Il y a quelques semaines, sur un
réseau social, j’ai lu le message d’une maman qui se désespérait de voir son
fils autiste régresser à cause du confinement. Et j’avoue avoir été
troublée par l’utilisation du mot « régression » et la complainte de
cette femme. J’ai donc longuement réfléchit à ce que cette femme voulait dire,
ce qu’elle cherchait à exprimer et pourquoi, moi, cela pouvait me troubler. Au
final, j’ai fini par comprendre que
j’étais troublée car il y a derrière l’idée de la régression, une autre
idée : celle d’une possible rémission, voire d’une guérison. Or, l’autisme
ne se guérit pas.
Bien qu’on en ignore encore
l’origine et/ou les causes, il est une chose que les recherches sur l’autisme
ont pu établir : il ne s’agit pas d’un trouble psychologique que l’on peut
guérir ou soigner avec une thérapie et/ou une médication adaptée. Il s’agit
d’un trouble neurologique. C’est-à-dire que c’est l’architecture même du
cerveau, la manière dont les neurones sont agencés, qui est différente. Et
c’est à cause de cette architecture différente que les personnes autistes
éprouvent des difficultés dans tout ce qui concerne les interactions sociales,
ainsi que la gestion de leurs émotions. C’est sans doute également à cause de
cet agencement différent des neurones que les autistes développent des intérêts
restreints et des stéréotypies, même si cet aspect des choses reste encore très
mystérieux.
Concernant ces difficultés dans
le domaine des interactions sociales et de la gestion des émotions, l’analogie
la plus communément répandue reste celle qui oppose les ordinateurs Mac et les
PC. Personnellement, cette analogie ne me parle pas beaucoup. Je ne connais pas
assez subtilement les différences qu’il peut y avoir entre ces deux outils qui
ont la même vocation, mais qui ne gèrent pas les choses de la même façon.

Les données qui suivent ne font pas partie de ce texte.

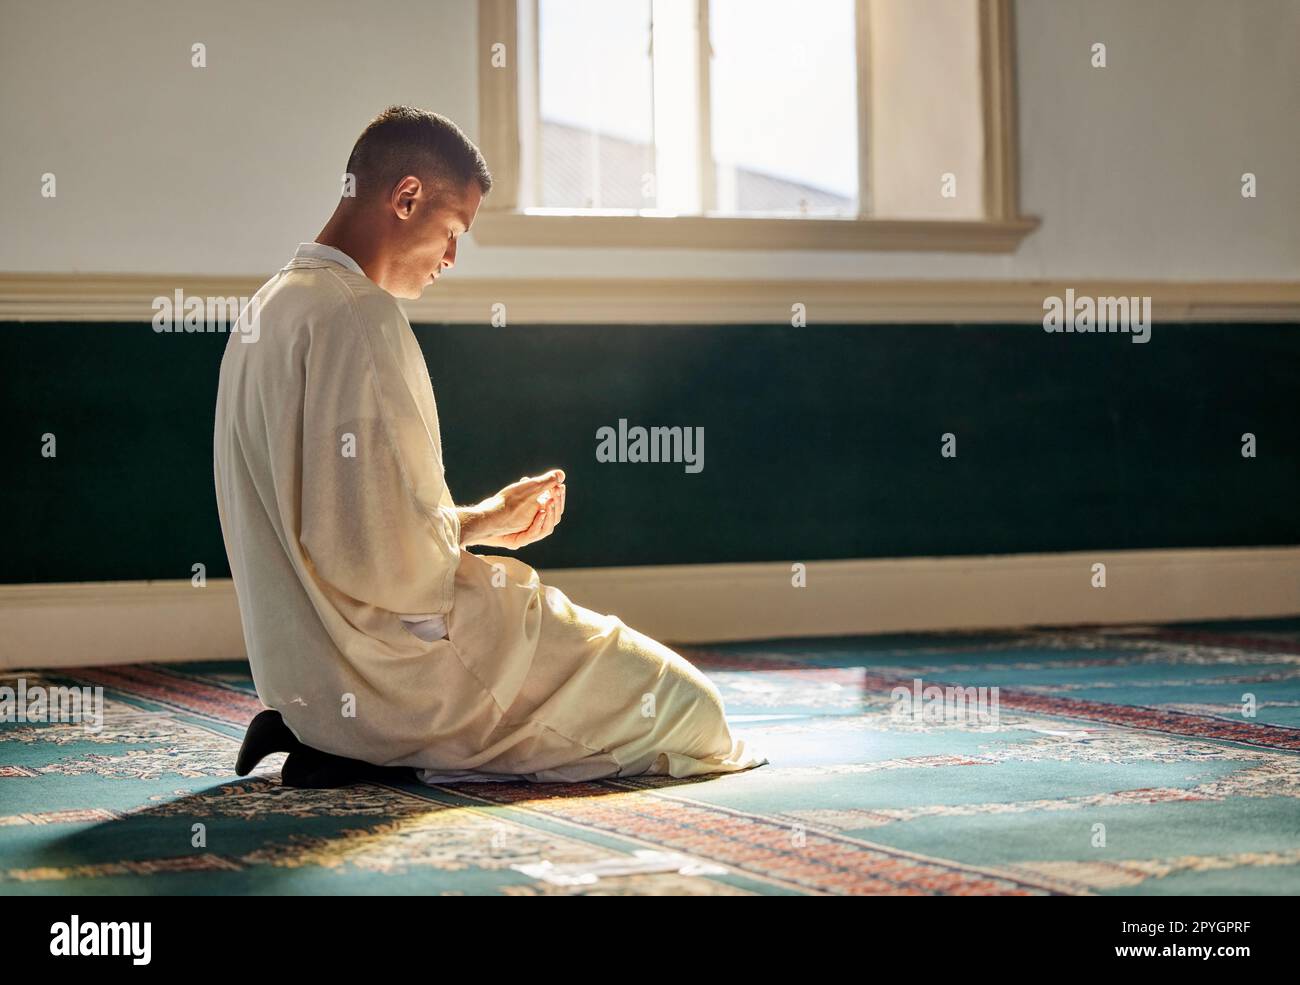 Moschee, Gottesdienst und muslimischer Mann, der auf Knien für Dankbarkeit, Unterstützung betet, oder ramadan für spirituelles Wohlbefinden. Religion, Tradition und islamischer Mann betet oder rezitiert koran zu allah im islam-Tempel. Stockfoto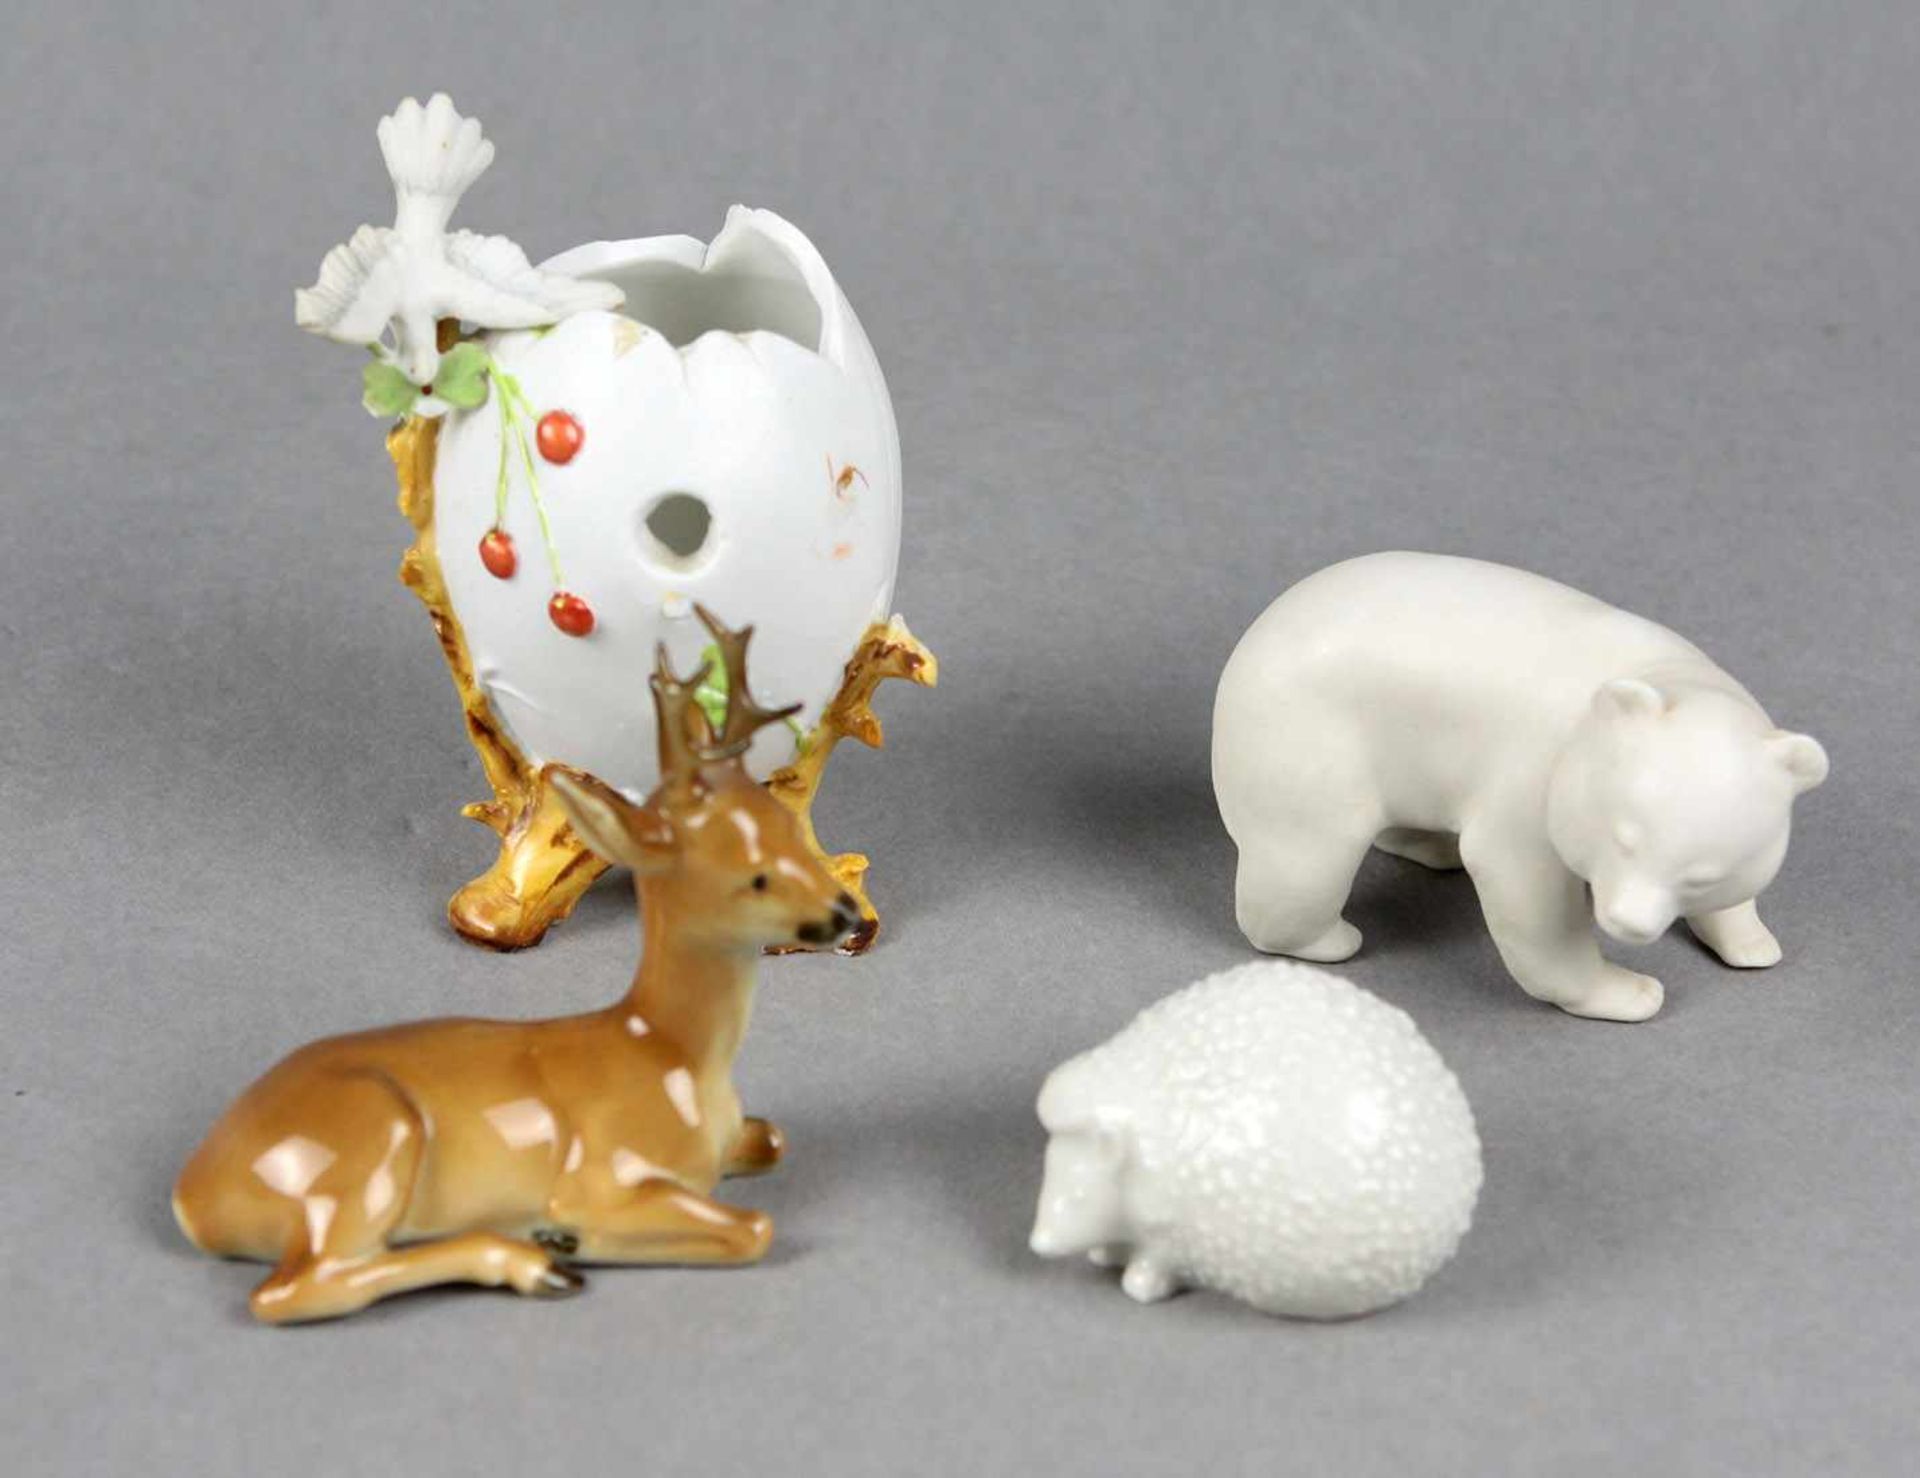 4 Porzellan Miniaturen Porzellan überwiegend mit Manufakturmarke Hutschenreuther, dabei liegender

Toutefois, pour les personnes qui, comme moi, auraient du mal à comprendre
cette analogie, je vais en proposer une seconde qui va mettre en scène des
ordinateurs ordinaires mais équipés de manière différentes. Ainsi, là où, chez
une personne lambda, ce sont des câbles à haut débits associés à des logiciels
de traitement de l’information dernier cris qui seraient utilisés pour gérer
les relations sociales, on ne trouverait, chez les personnes autistes qu’un
vieux câble 56k associés à des logiciels poussifs à qui l’on n’aurait alloué
qu’un tout petit espace de travail. Bref, ce n’est pas que les relations
sociales soient impossibles, c’est juste que ça prend plus de temps et qu’il ne
faut pas en demander trop à la fois sinon, on risque purement et simplement de
mettre le système « à genoux », voire de le faire
« planter » au point de nécessiter un « reboot » de la
machine.
La question qui se pose, ici, c’est de savoir à quel point on va pouvoir
« upgrader » ou modifier le système pour le rendre, si c’est
possible, plus performant. La réponse est : un peu, mais pas forcément
beaucoup. On ne pourra pas toucher au cœur du système. L’architecture de base restera
toujours la même. Il existe toutefois une certaine marge de manœuvre. La
plasticité cérébrale sera un atout – surtout si la personne autiste est prise
en charge et obtient une aide adéquate tôt dans sa vie (durant l’enfance).
Ensuite, si on ne peut pas toucher à l’architecture de base, on pourra
toutefois essayer d’ajouter ce que j’appellerais de « l’espace de stockage »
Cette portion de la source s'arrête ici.